SEO writing has two small jobs that have huge consequences: choosing the right keywords and writing the meta description that earns the click. Both are perfect tasks for AI — short, structured, and pattern-driven. The trick is to organise keyword work around search intent, not raw volume, and to brief meta descriptions as ads, not summaries.
Most teams treat keyword research as a list-building exercise: feed a seed term to a tool, copy the highest-volume results, write articles around them. The reason this rarely works is that volume is a proxy — what really matters is whether the search intent matches what your business can deliver. AI is excellent at sorting keywords by intent if you ask it to. And meta descriptions, often left until the last second of the publishing process, are basically search-result ads — a separate copywriting task with its own rules.
Search queries map to four types of intent: navigational (the user wants a specific site), informational (the user wants to learn), commercial (the user is comparing options), and transactional (the user is ready to buy or sign up). Every keyword belongs to one type, and the type determines what kind of content can rank for it.

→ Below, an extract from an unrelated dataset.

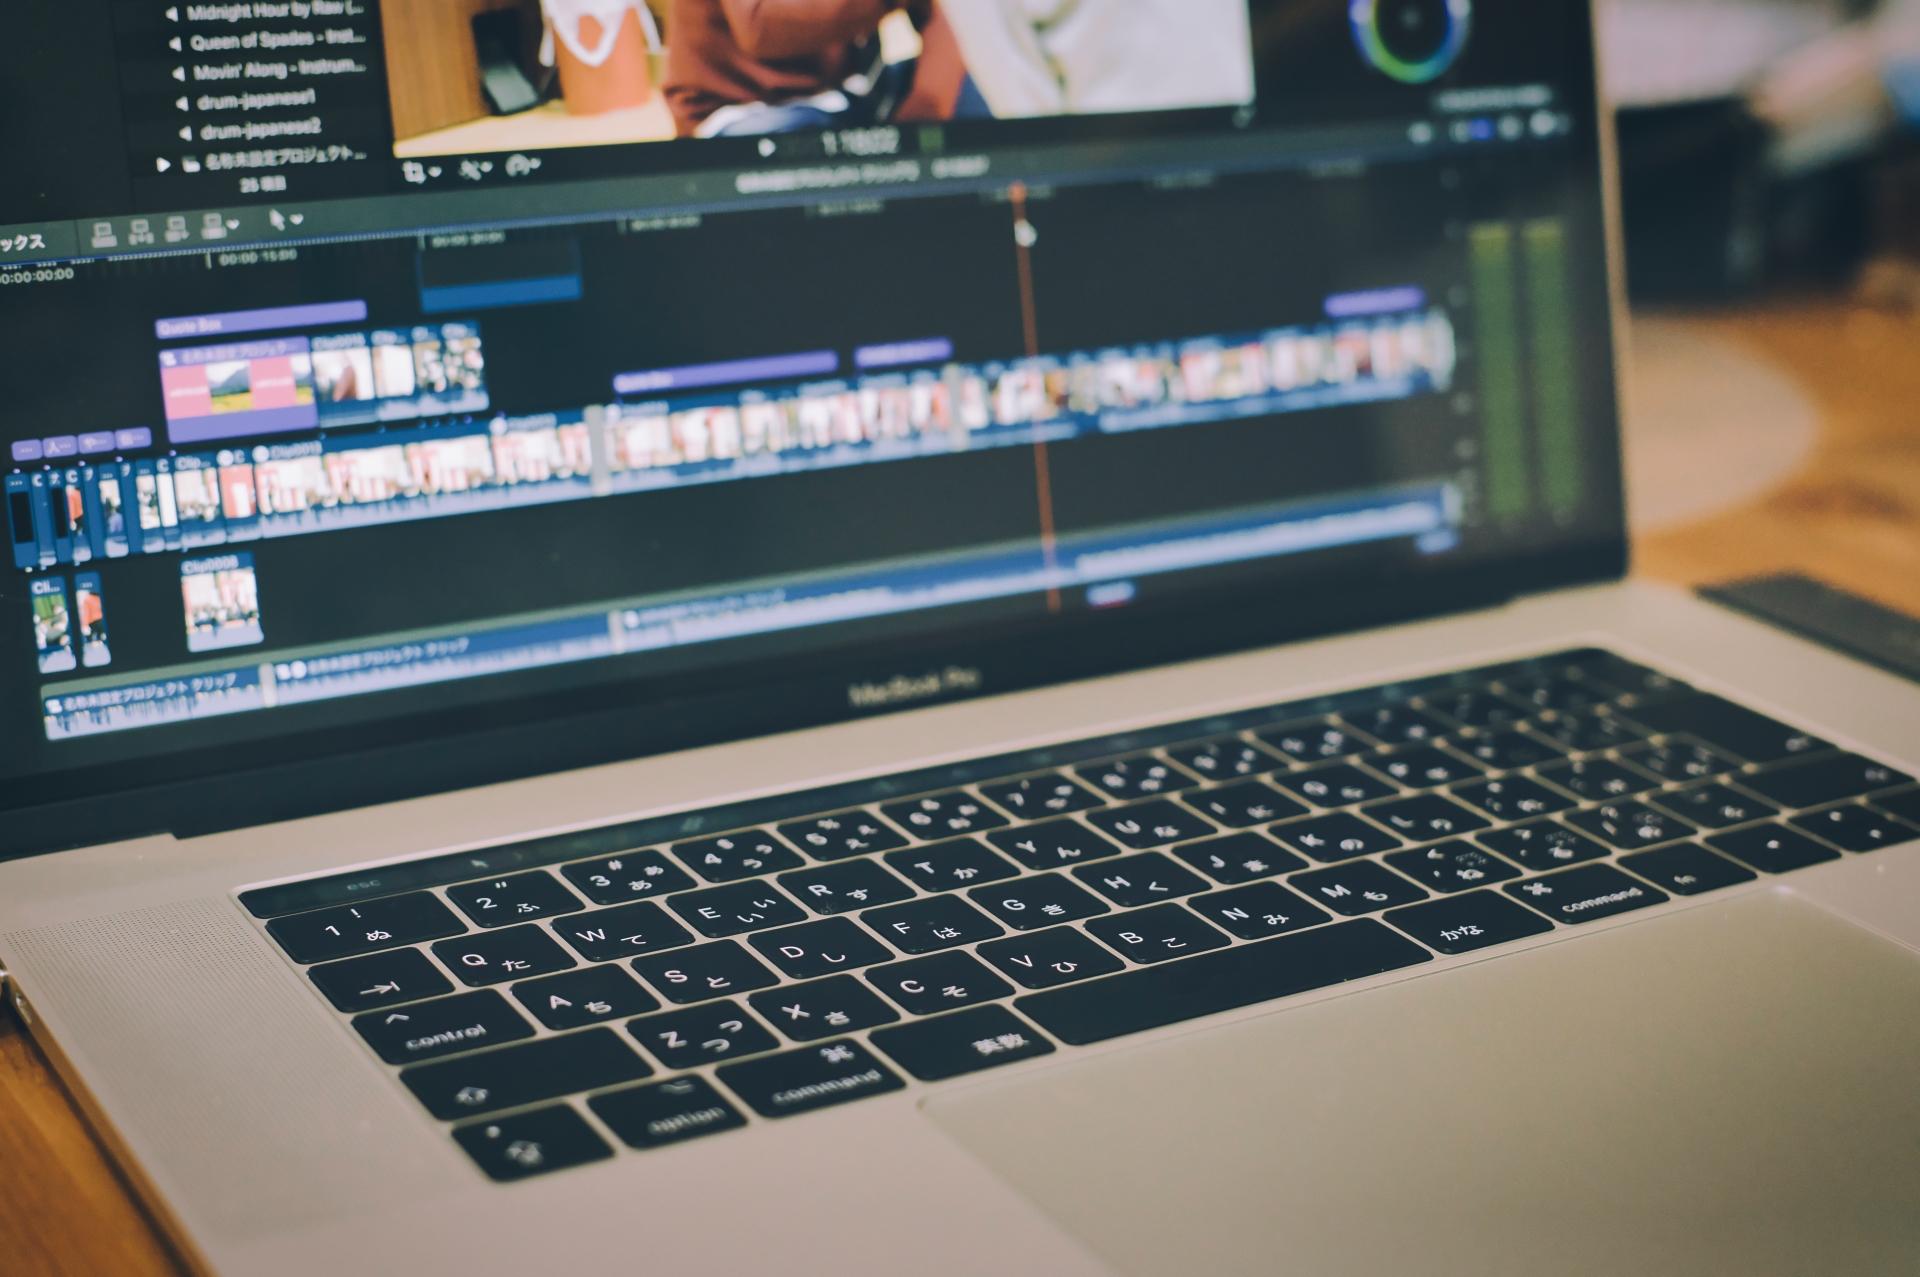 【第1回】動画・映像クリエイターに聞く!〜動画制作の仕事とは?〜

A common mistake is writing a blog post for a transactional keyword. "Buy noise cancelling headphones" is transactional — Google ranks product pages, not articles.
How to choose noise cancelling headphones
is informational — articles can rank. Same topic, two different intents, two different content types. AI is happy to classify intent if your prompt names the four buckets.
Weak prompt
Give me a list of 50 keywords about email marketing.
You will get 50 random phrases mixed across intents and difficulty levels. There is no plan, no grouping, no strategy. You still have to do the real work — sorting and prioritising — and AI just added noise rather than signal.
Use one prompt for intent-classified keyword research and a separate prompt for meta descriptions. Each does its job well.
Keyword research prompt
Act as an SEO strategist who has shipped content
plans for small B2B SaaS companies.
Topic area: email marketing automation for online
course creators.
Audience: Solo creators and small teams (under 5
employees) who already sell courses and want to
automate their email funnels.
Produce a keyword plan as follows:
1. 8 informational keywords (what the audience
would type to learn)
2. 6 commercial keywords (comparison, "best",
review-style)
3. 4 transactional keywords (close to buying)
4. 4 navigational keywords (brand-related, including
competitor names)
For each keyword, return:
- The keyword phrase
- Intent type (one of the four above)
- The content format that best matches the intent
(e.g. "long-form guide", "comparison post",
"landing page")
- One sentence describing the searcher's likely
state of mind
Avoid keywords with obviously high competition
(generic single-word terms). Prefer 3–5 word
long-tail phrases.
Meta description prompt
Act as an SEO copywriter.
Write 3 meta description variations for the
following blog post.
Title: "How to Build a 5-Email Welcome Sequence
for Your Online Course"
Target keyword: "welcome email sequence for online
courses"
Content summary: A practical guide to mapping out
the 5 emails a new student should receive in their
first week, with examples and templates.
Constraints:
- Between 140 and 155 characters
- Include the target keyword naturally
- End with a benefit, not a feature
- One variation must use a question
- One variation must use a specific number
- No words: "comprehensive", "ultimate",
"everything you need to know"
Return as a numbered list with character count
for each.
The keyword plan returns a structured grid you can drop straight into a content calendar. The meta description prompt returns three short variations — one factual, one question-led, one number-led — each within the character limit. You pick the strongest and ship.
Tip: After AI produces the keyword plan, paste it back and ask: "Group these keywords into 3 content clusters and propose a pillar page for each cluster." This is the start of a topic-cluster SEO strategy, in one follow-up prompt.
Pick a topic relevant to your work and run the keyword research prompt. Then ask AI to group the keywords into 3 content clusters with a pillar page idea for each. Save the output as the start of a real content plan.
Take three blog posts you have already published and ask AI to write 3 meta description variations for each. Compare to your current meta descriptions and pick the strongest version for each post.
Ask AI: "For each keyword in the plan, suggest one related question that people might also search." This gives you a ready-made FAQ section and helps you target featured snippets.